Each issue of hybrids has unique bells and whistles. For the Barclays issue, for example, the buyer gets a 560-basis-point (bps) pickup over the 10-year U.S. Treasury bond. In comparison, the Bank of America Merrill Lynch master II high-yield index has a 375-bps spread over the 10-year U.S. T-bond. That CoCos have a far wider spread reflects the market's appraisal of their risk.

"CoCos are really equities dressed up as debt," says Paul Sandhu, vice president and director of Marret Asset Management Inc. in Toronto. "And the yield and risk are at equities levels."

Thus far, hybrids are mostly European issues aimed at U.S. investors. But Canada may create its own form of hybrid bond, which would technically be called "non-viable contingent capital" (NVCC, for short), which would work the same way.

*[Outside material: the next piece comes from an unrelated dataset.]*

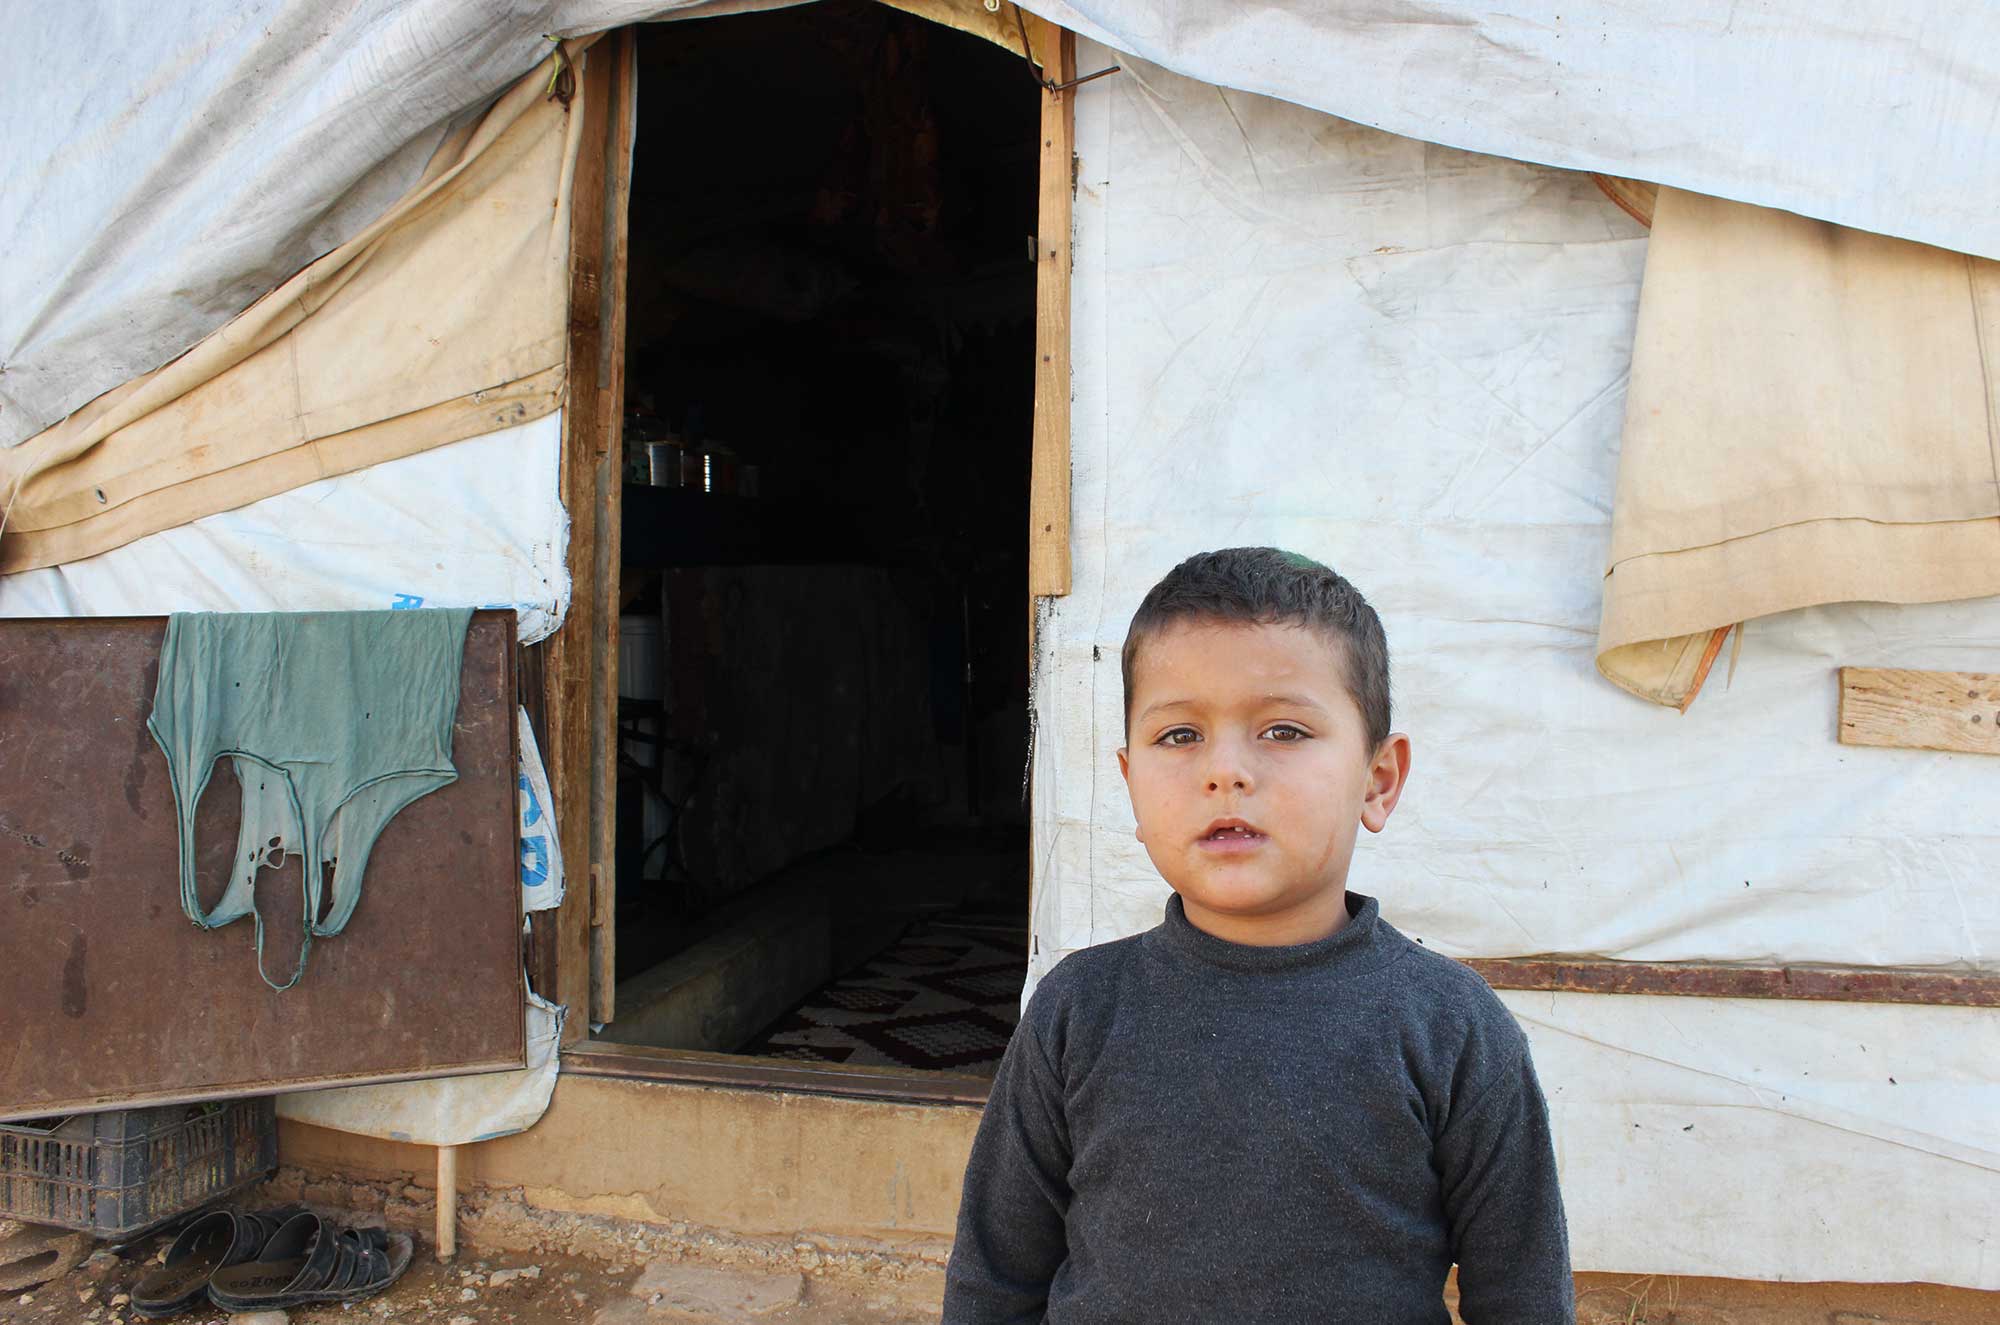 A young Syrian boy stands outside of his temporary home in Lebanon's Akkar region. Akkar is the poorest region in Lebanon & its population has grown by 50% since the start of the Syrian war.

If Tier 1 capital of the issuing bank were to drop below 7%, the federal finance minister would apply these bonds to capital to repair the bank's Tier 1 capital ratio and leave the NVCC holders with shares in the bank, explains Chris Kresic, senior partner and head of fixed-income with Jarislowsky Fraser Ltd. in Toronto.

There is a precedent for NVCCs. Ten years ago, the chartered banks issued bonds with limited creditor rights that could be converted to preferred shares. For example, Royal Bank of Canada (RBC) sold "trust capital securities," or TRUCS. Labelled as preferred securities, they were bonds that were convertible to preferreds if RBC needed to downgrade its obligations.

The question, in the end, is what these new hybrids truly are.

"They can call these bonds Tier 1 capital, which is equivalent to common equity," says James Hymas, president of Hymas Investment Management Inc. in Toronto, "but [the bonds] get a better or more efficient treatment of the cost on income statements. A lot of portfolio managers will buy them because they have a mandate to invest in bonds, and these hybrids meet the definition of a bond and have terrific interest. Clients may be naive enough to accept these hybrids for their portfolios. But what clients forget is that in exchange for a yield pickup of a few hundred basis points over other corporate debt, a loss could approach 100%."

In the search for yield, hybrids are the latest twist in the old idea of compromising the promise of a traditional bond to pay interest and principal on time, Hymas adds: "Many of these structures will go into bond indices. Index funds would have to buy them and some fund managers would then have to take them on, too.

"I would not be averse to buying them," he continues. "But I would do it for a bond portfolio, which the client fully understands and accepts."